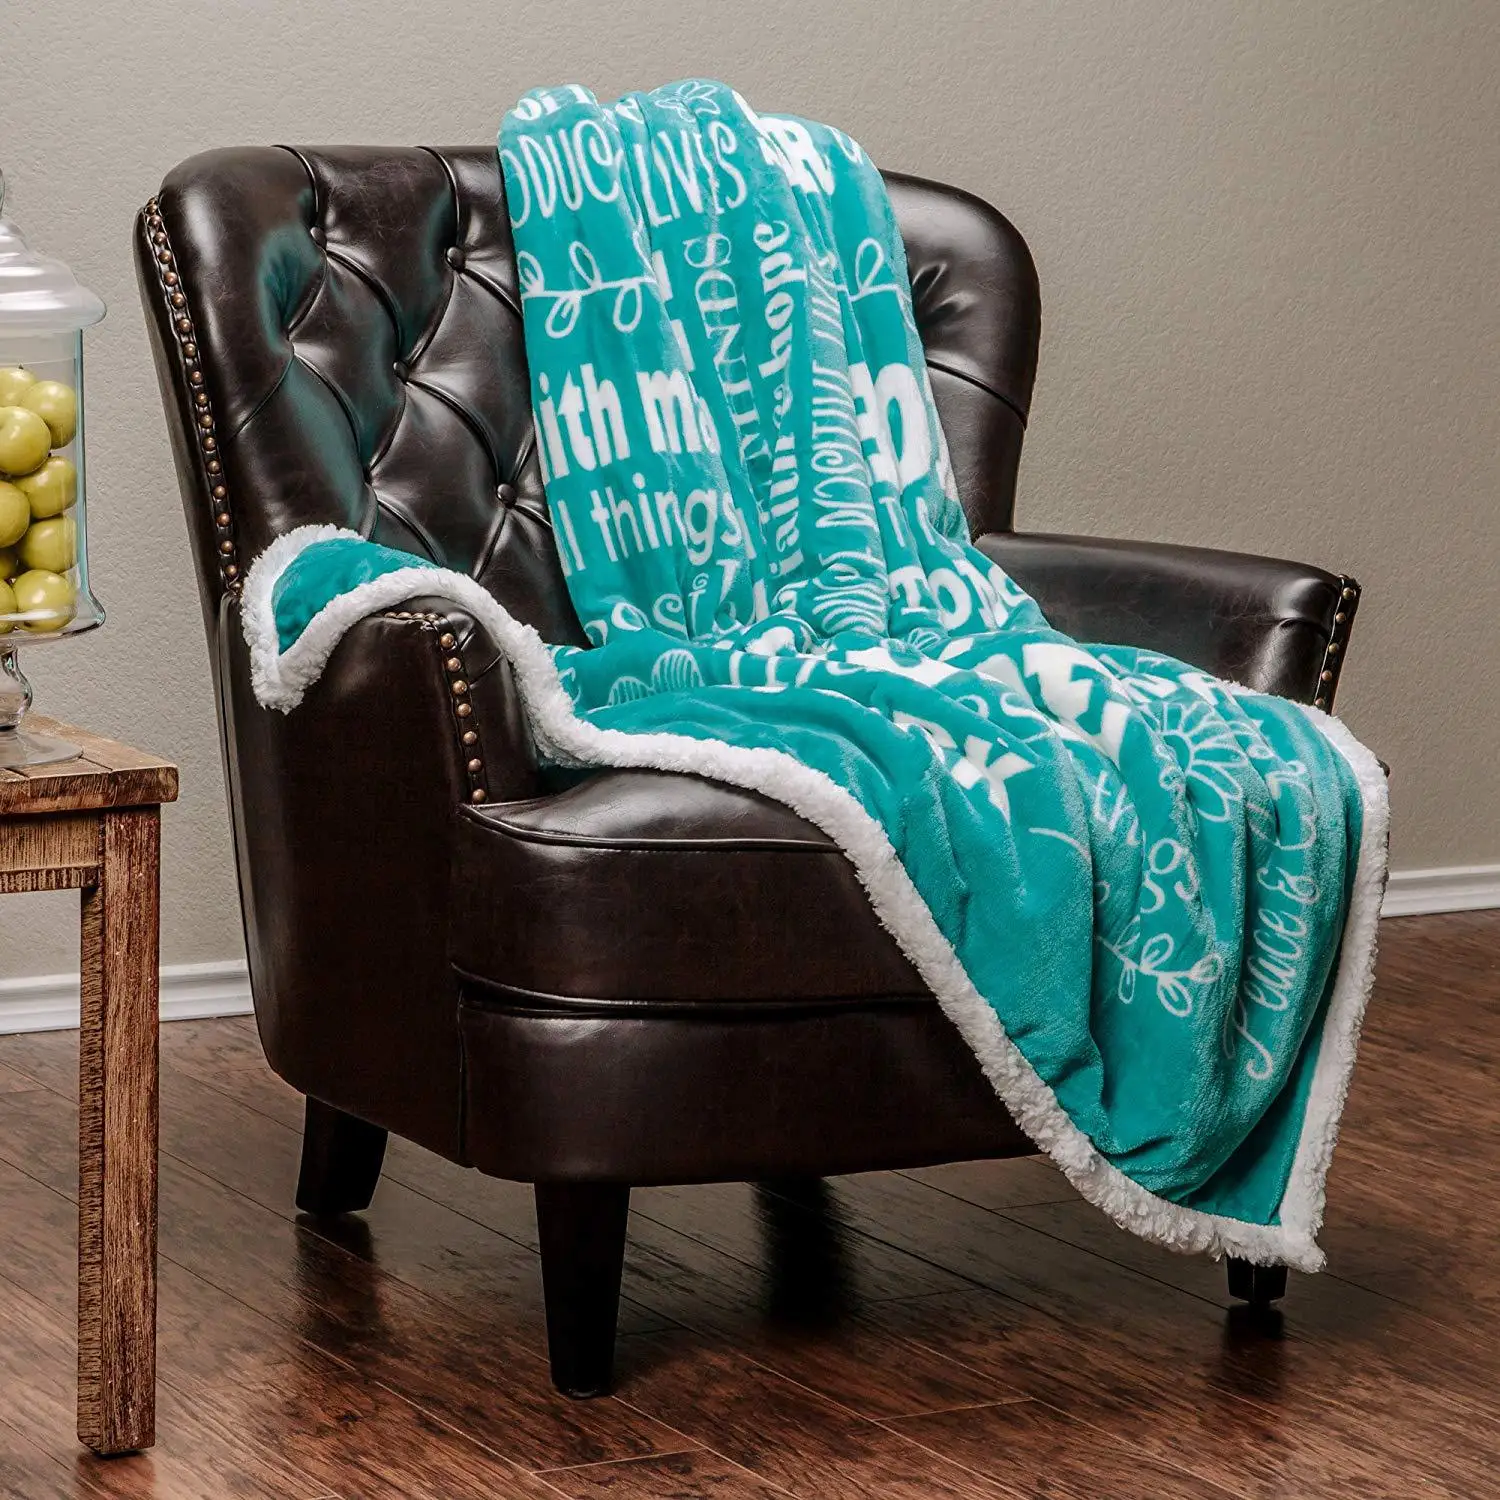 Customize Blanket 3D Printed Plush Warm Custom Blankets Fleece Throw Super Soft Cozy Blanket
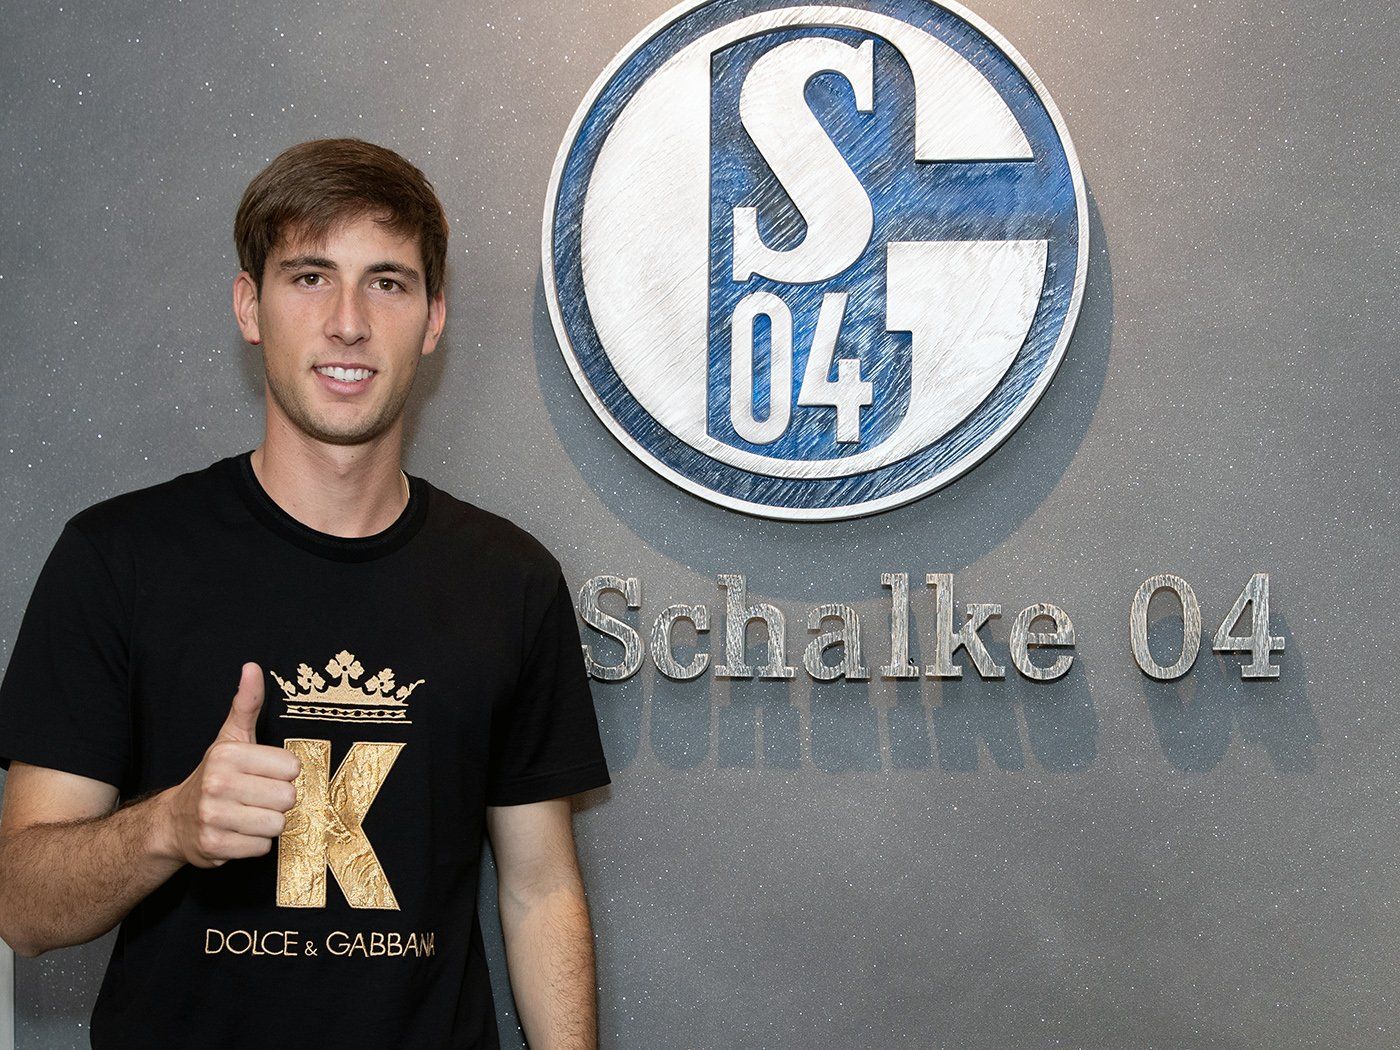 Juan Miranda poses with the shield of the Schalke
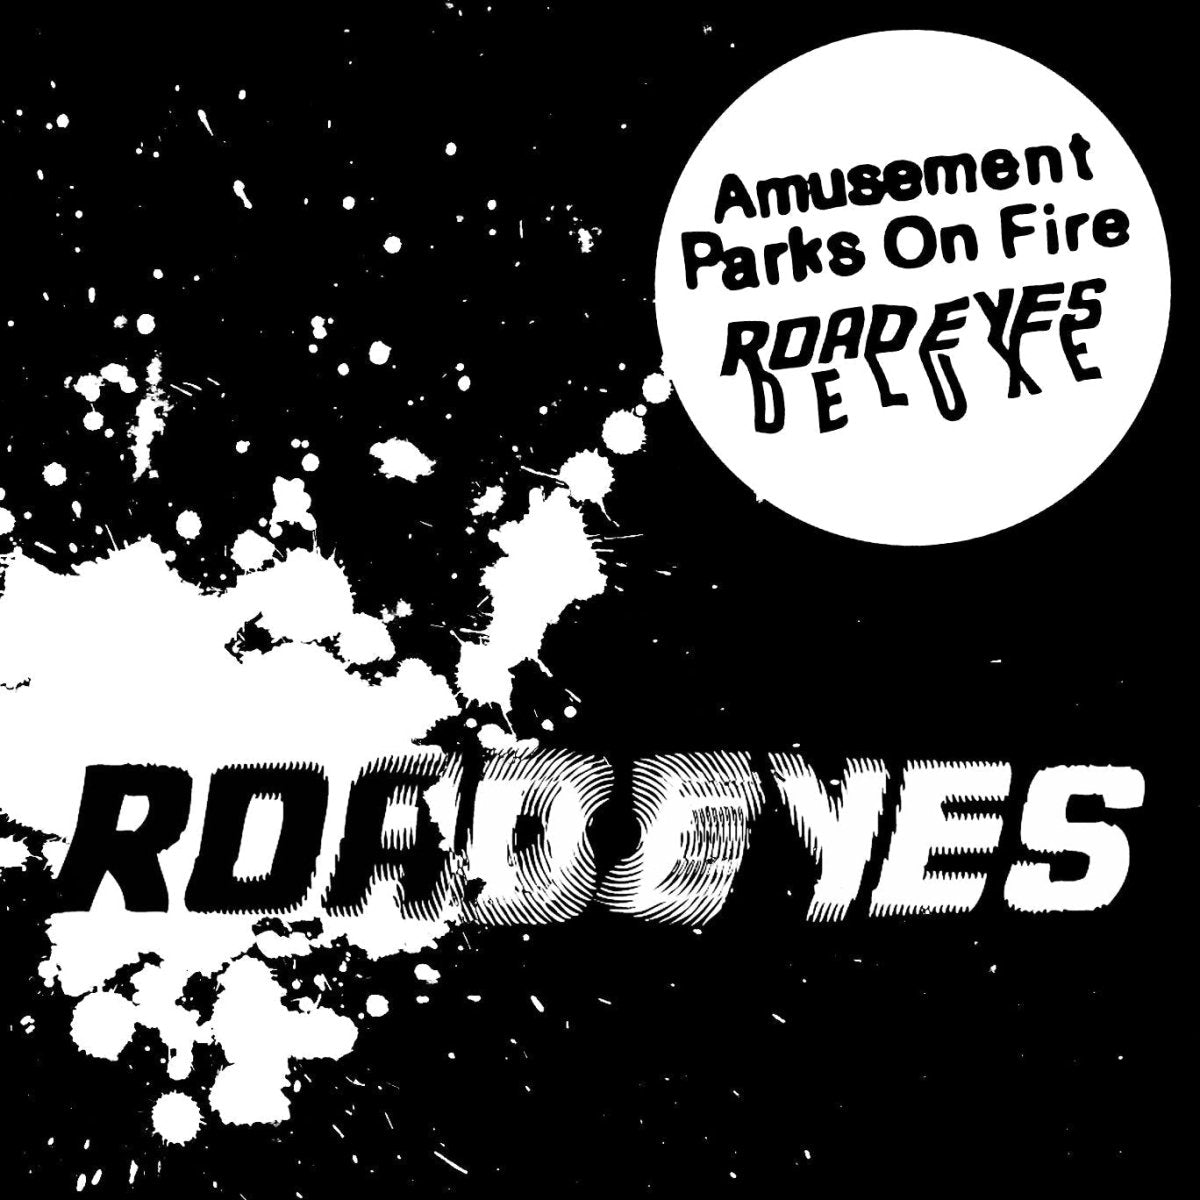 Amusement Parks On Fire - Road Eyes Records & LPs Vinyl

● **Task goal**:
Quote the material above exactly, from the line holding "Juan Miranda poses" through its last line, including both. Omit the pictures.

● **Written solution**:
 Juan Miranda poses with the shield of the Schalke
 Amusement Parks On Fire - Road Eyes Records & LPs Vinyl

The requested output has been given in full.